Весь Урт он не сомкнул глаз, вслушиваясь в бесконечный шепотом полозьев и трескучие шаги хеггов. Темная скорлупа нальта, в которую он был заключен, казалась жаркой и душной, отчаянно хотелось глотнуть свежего холодного воздуха. Ему было плохо — острая резь накатывала волнами из желудка, оставляя на языке кислоту, в голове парили горячие угли. Он переворачивался с одного бока на другой, позабыв про тонкое одеяло из грубой ткани, в беспамятстве царапая плотное дерево пальцами.

Тайлеб рвал его на части, и сейчас Крэйн проклинал себя и всех Ушедших за то, что позволил себя увлечь в безумный путь на юг. Если бы он остался во Рву, всегда можно было бы сорвать пару-другую пучков сочного тайлеба, острого, оставляющего в коже сотни крошечных зеленых иголочек, заварить его в чашке и нырнуть с головой в блаженство, которое заключается в черной жидкости. Он бы выскочил из нальта и пополз в Трис на руках, не обращая внимания на стражу, но сил хватало только на то, чтоб переворачивать обмякшее безвольное тело.

В другом углу нальта кто-то тоже ворочался, иногда раздавался низкий мужской храп, но Крэйн не обращал на это внимания.
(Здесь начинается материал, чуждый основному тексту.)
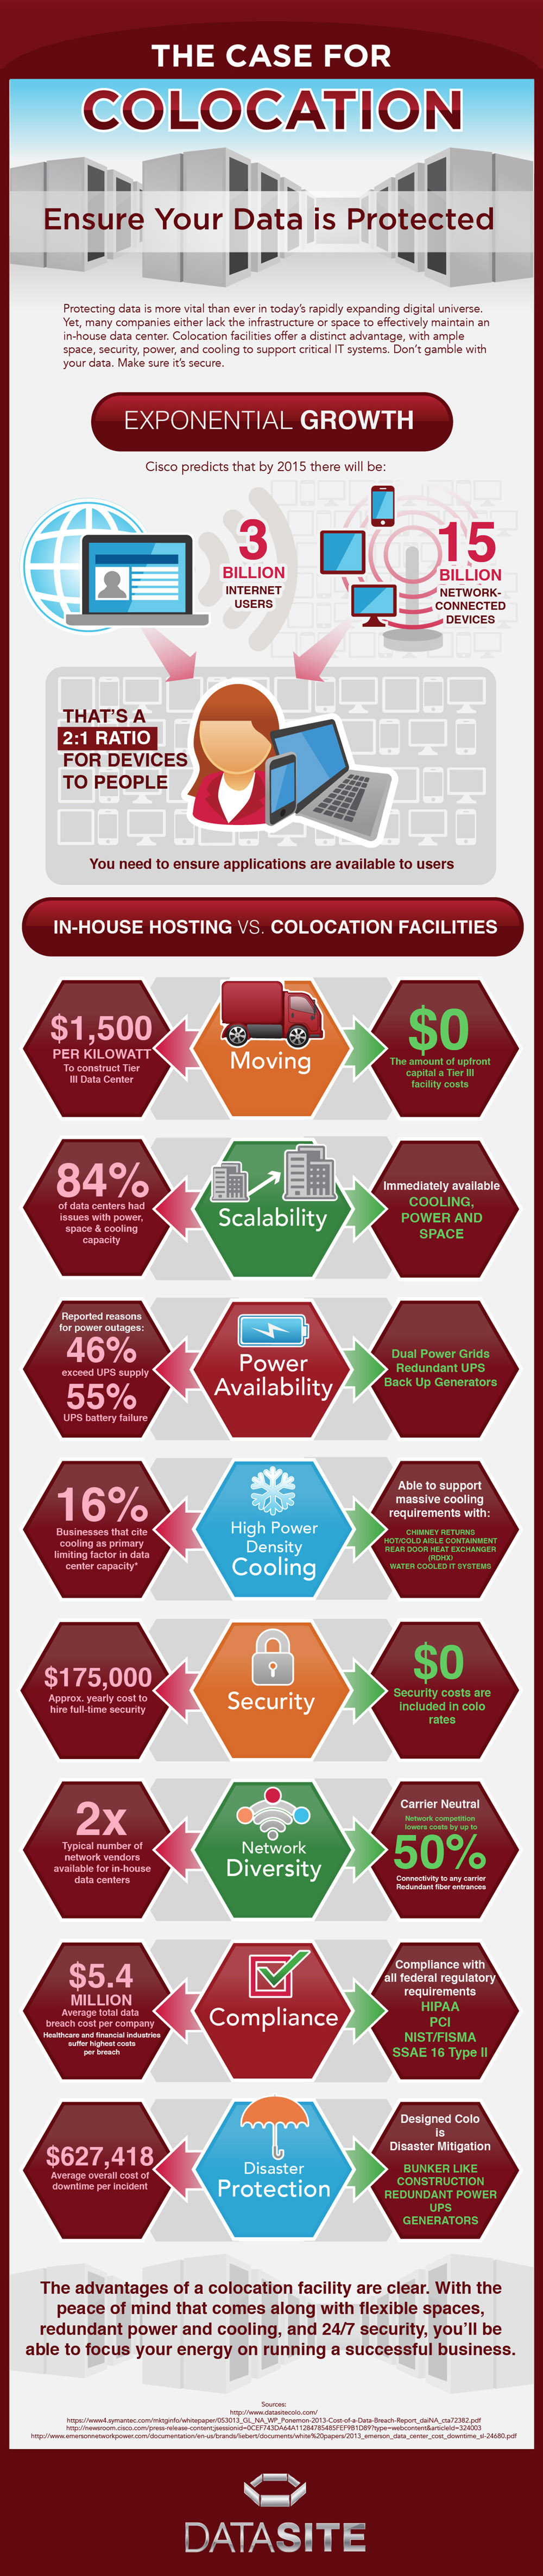 Colocation-centers-infographic-plaza

То погружаясь в мутные омуты безумия, то выныривая из них, он напрягал воспаленные глаза, надеясь увидеть сереющее в проеме небо. Ему казалось, что когда бесконечный Урт минует, ему станет легче.

К рассвету стало вовсе невыносимо. Шелест полозьев походил на звук заживо сдираемой кожи, неведомый огонь обжигал глаза изнутри, кости накалились и стали похожи на хрупкие горячие деревяшки, уже покрытые первыми черными пятнами ожегов. Серое небо, которого он ждал так долго, навалилось на него всем весом, выдавливая дыхание. Черные деревья, острые и высокие, бесшумно проплывали в проеме, раздирая разум в клочья.

Раз за разом Крэйн умирал и вновь воскресал, чтобы продолжить пытку.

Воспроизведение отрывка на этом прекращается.